Instructions to follow ::
Return the data verbatim, without pictures.

##### Data shown #####

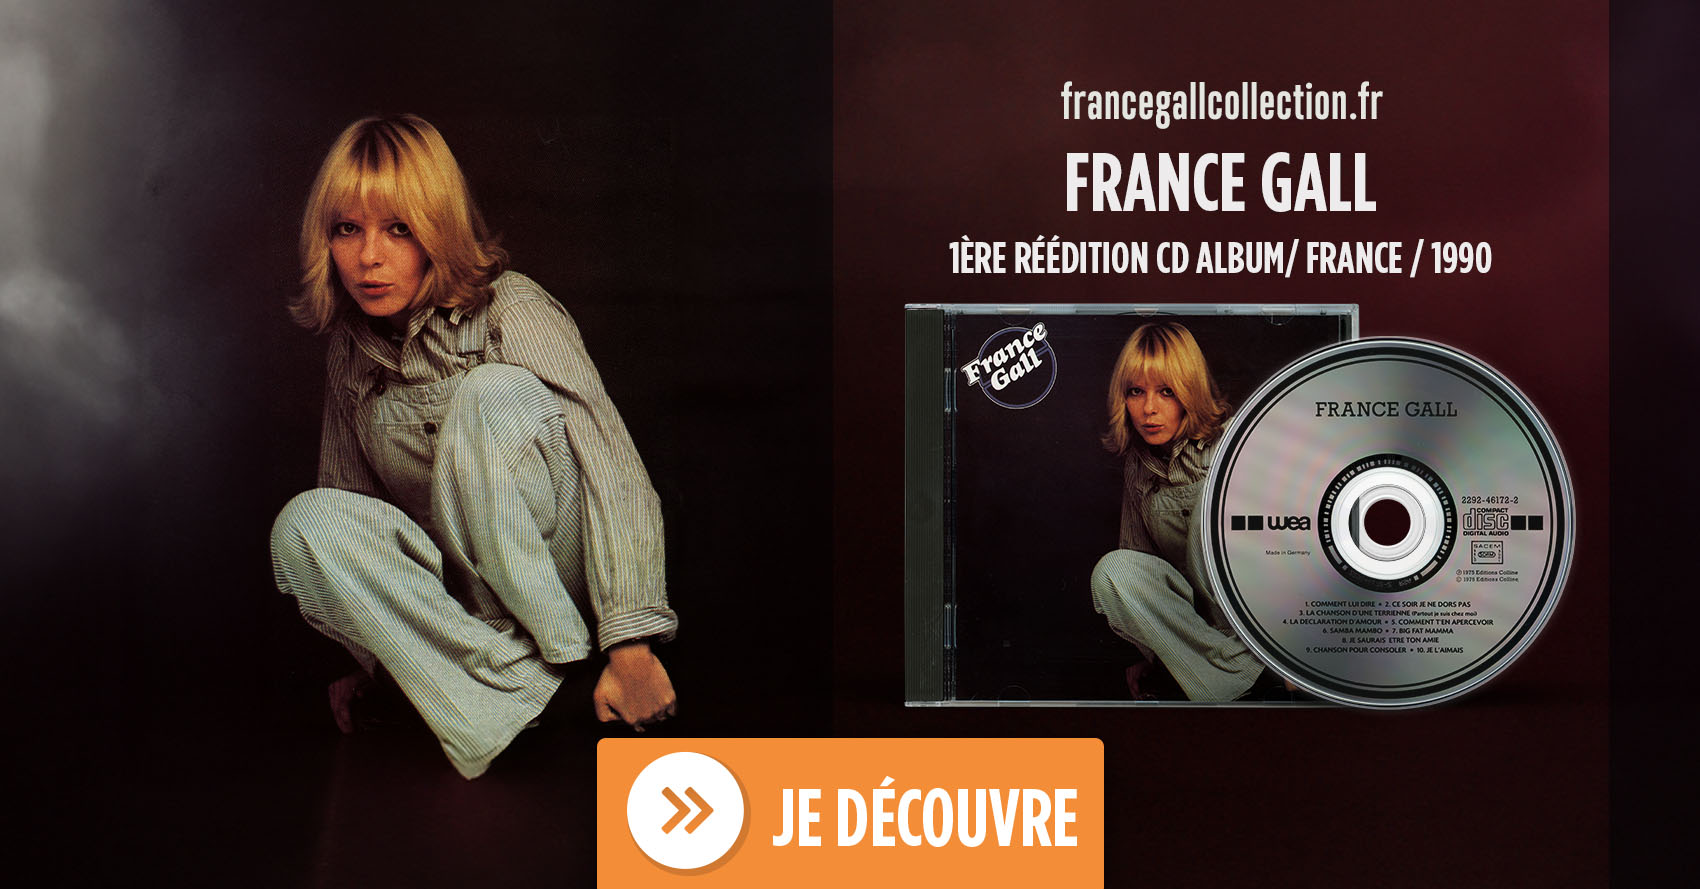 Enregistré fin 1975, France Gall est le premier album studio de France Gall et le premier album que Michel Berger a produit pour elle.
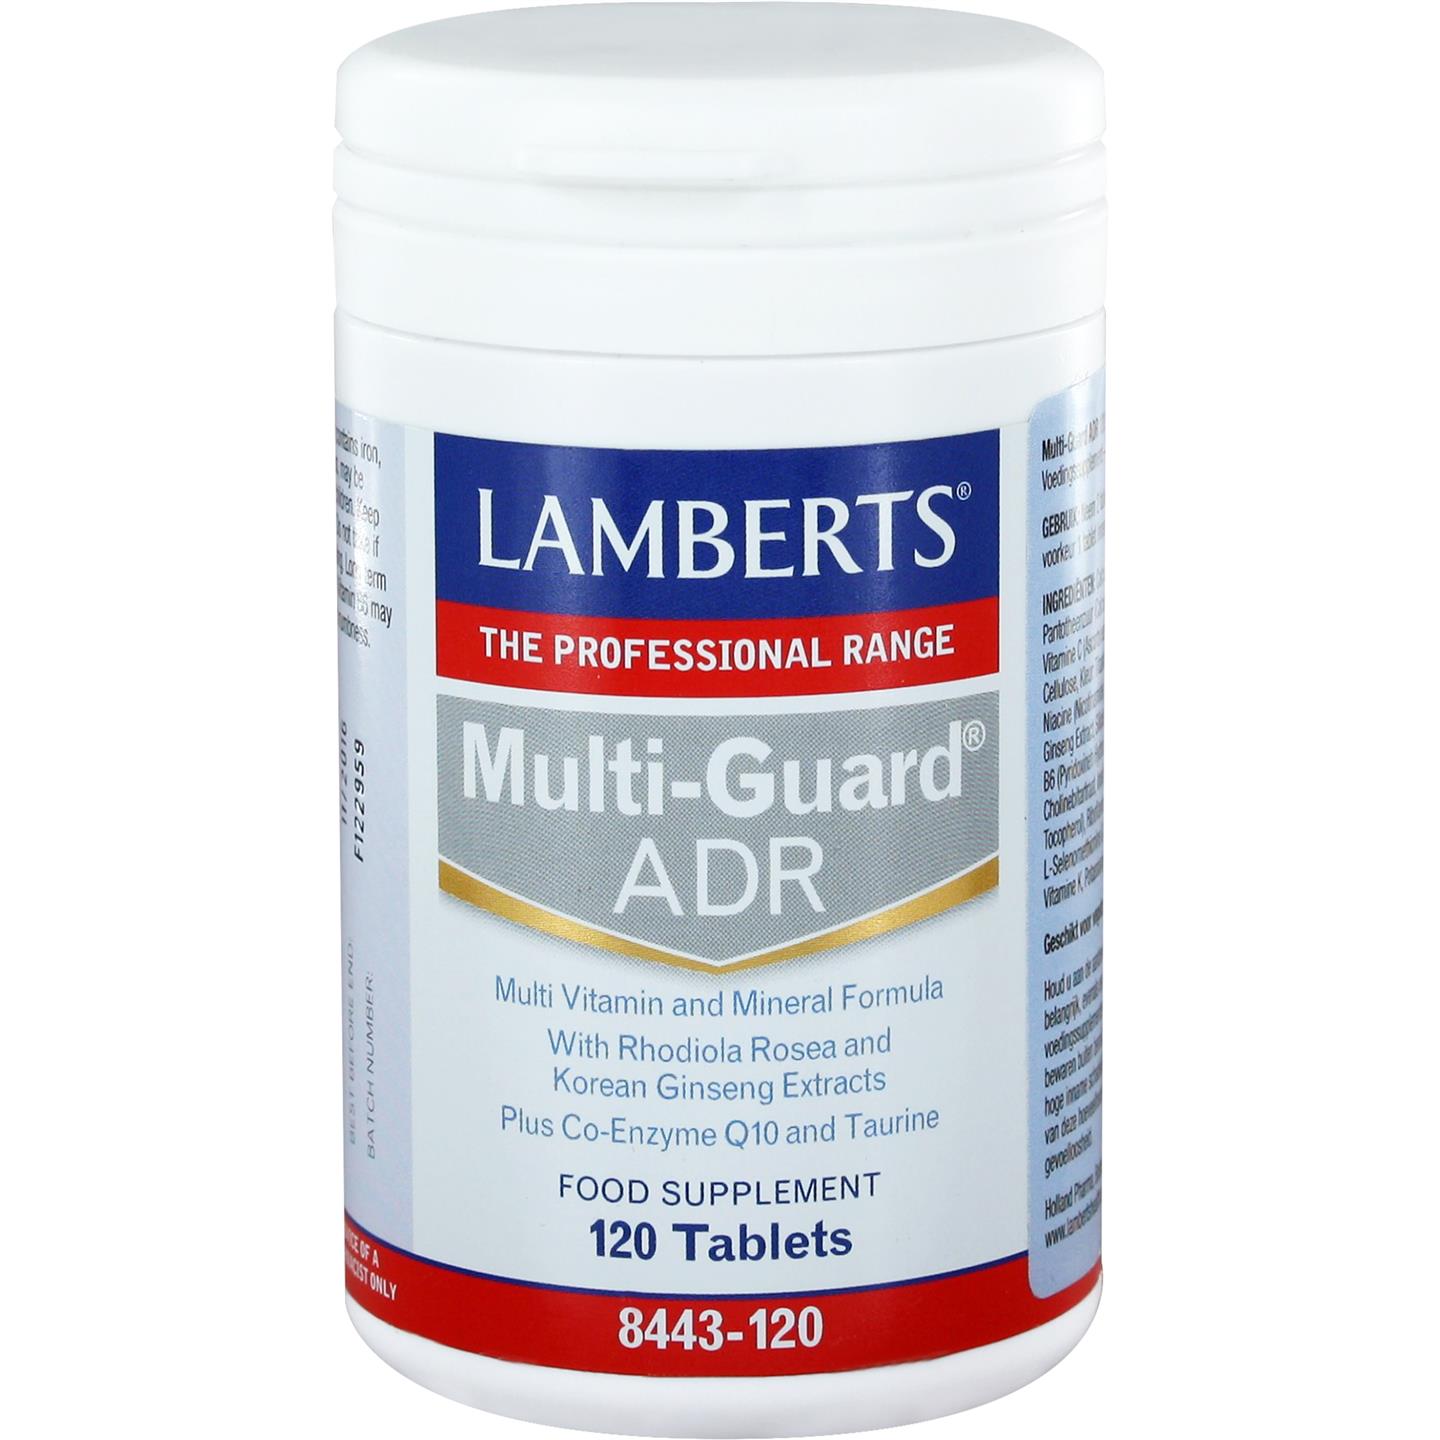 Multi-Guard ADR
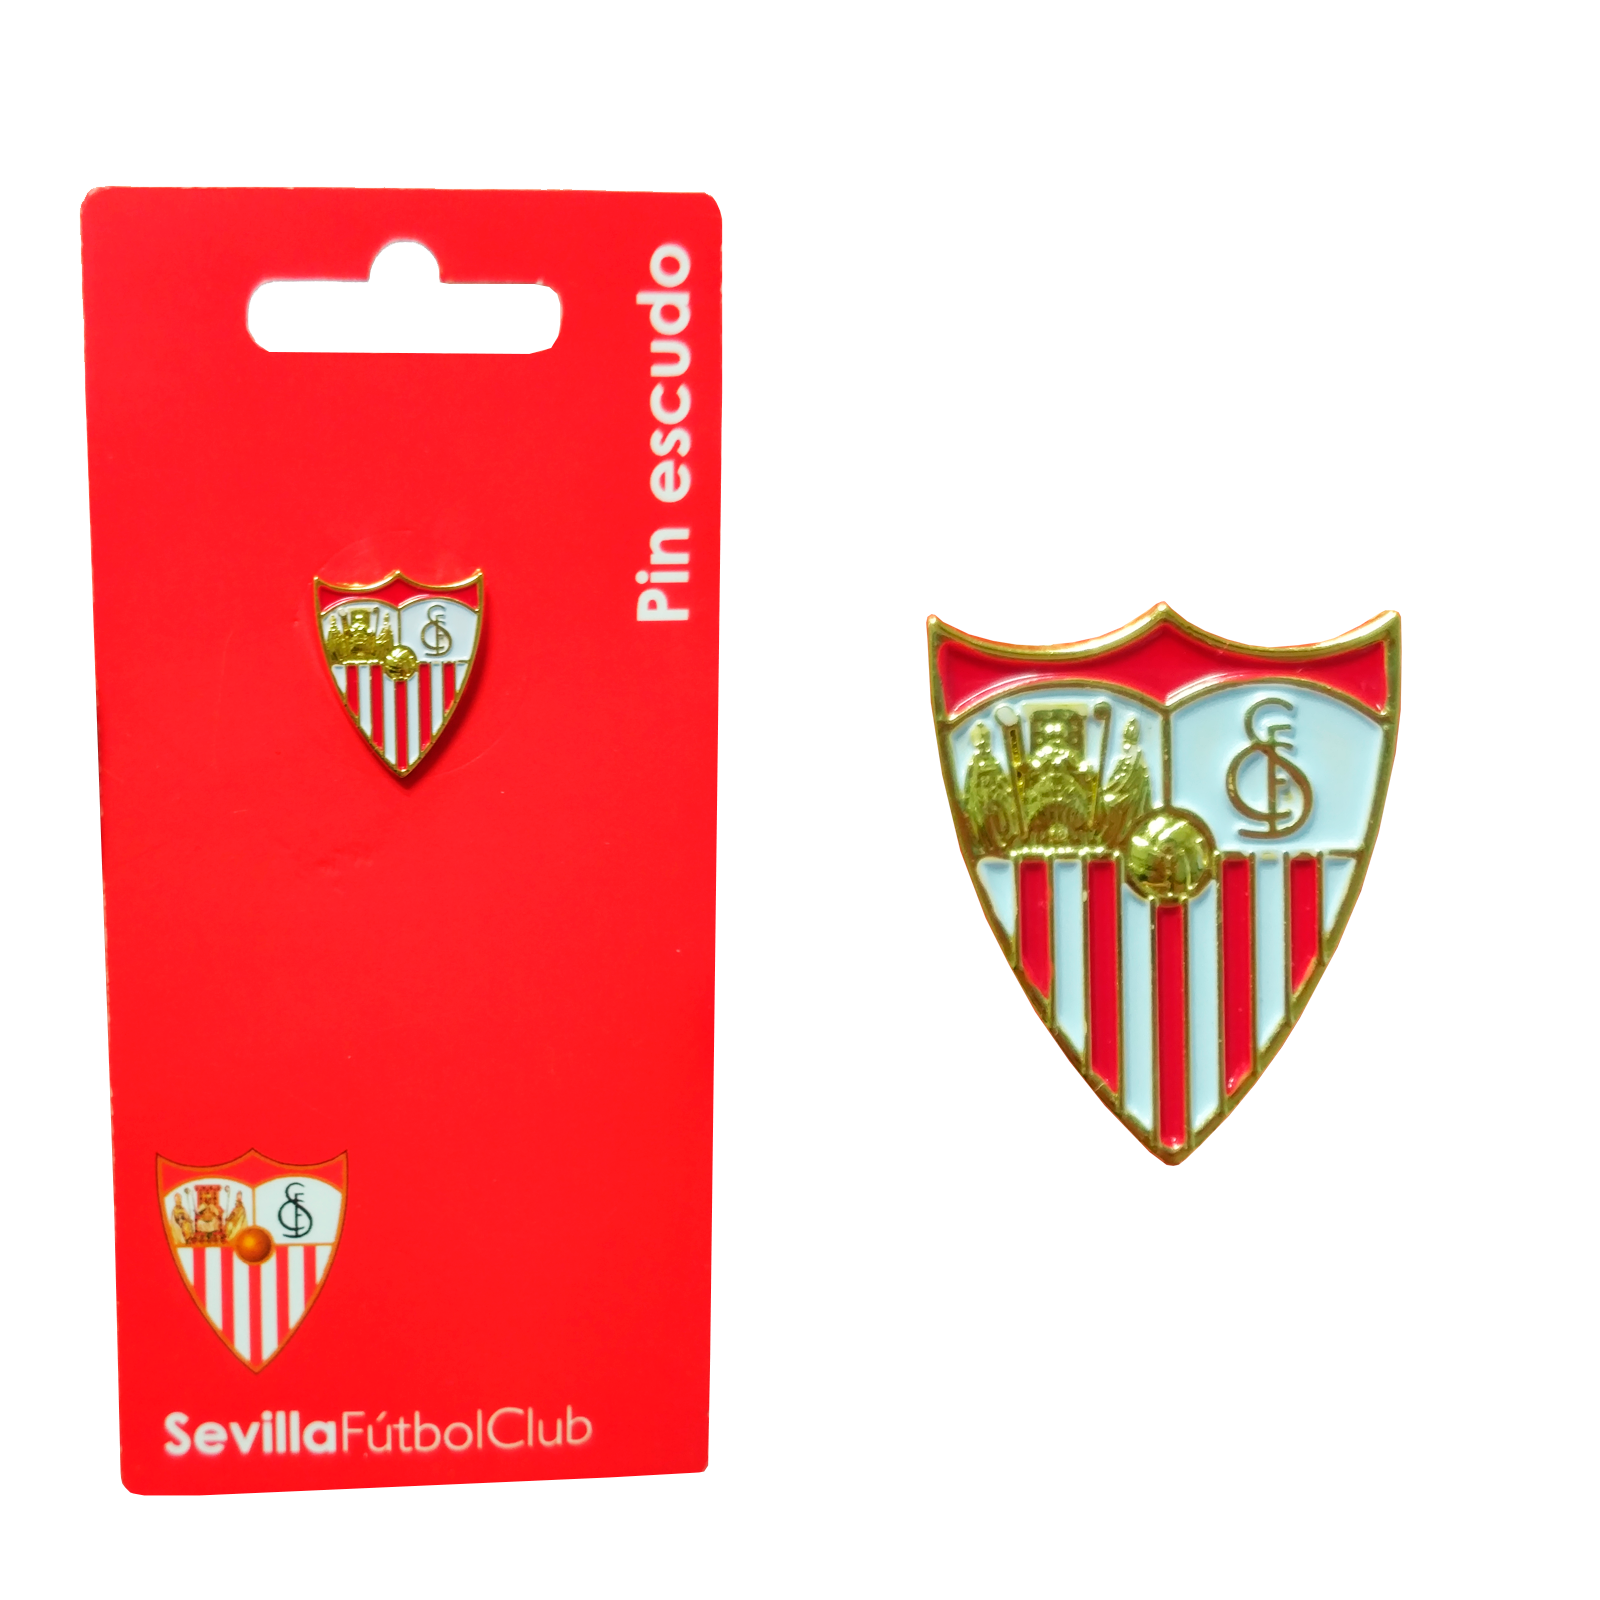 Banderín 1890 Oficial del Sevilla Fútbol Club

#####

Response for this exercise ::
 Enregistré fin 1975, France Gall est le premier album studio de France Gall et le premier album que Michel Berger a produit pour elle.
 Multi-Guard ADR
 Banderín 1890 Oficial del Sevilla Fútbol Club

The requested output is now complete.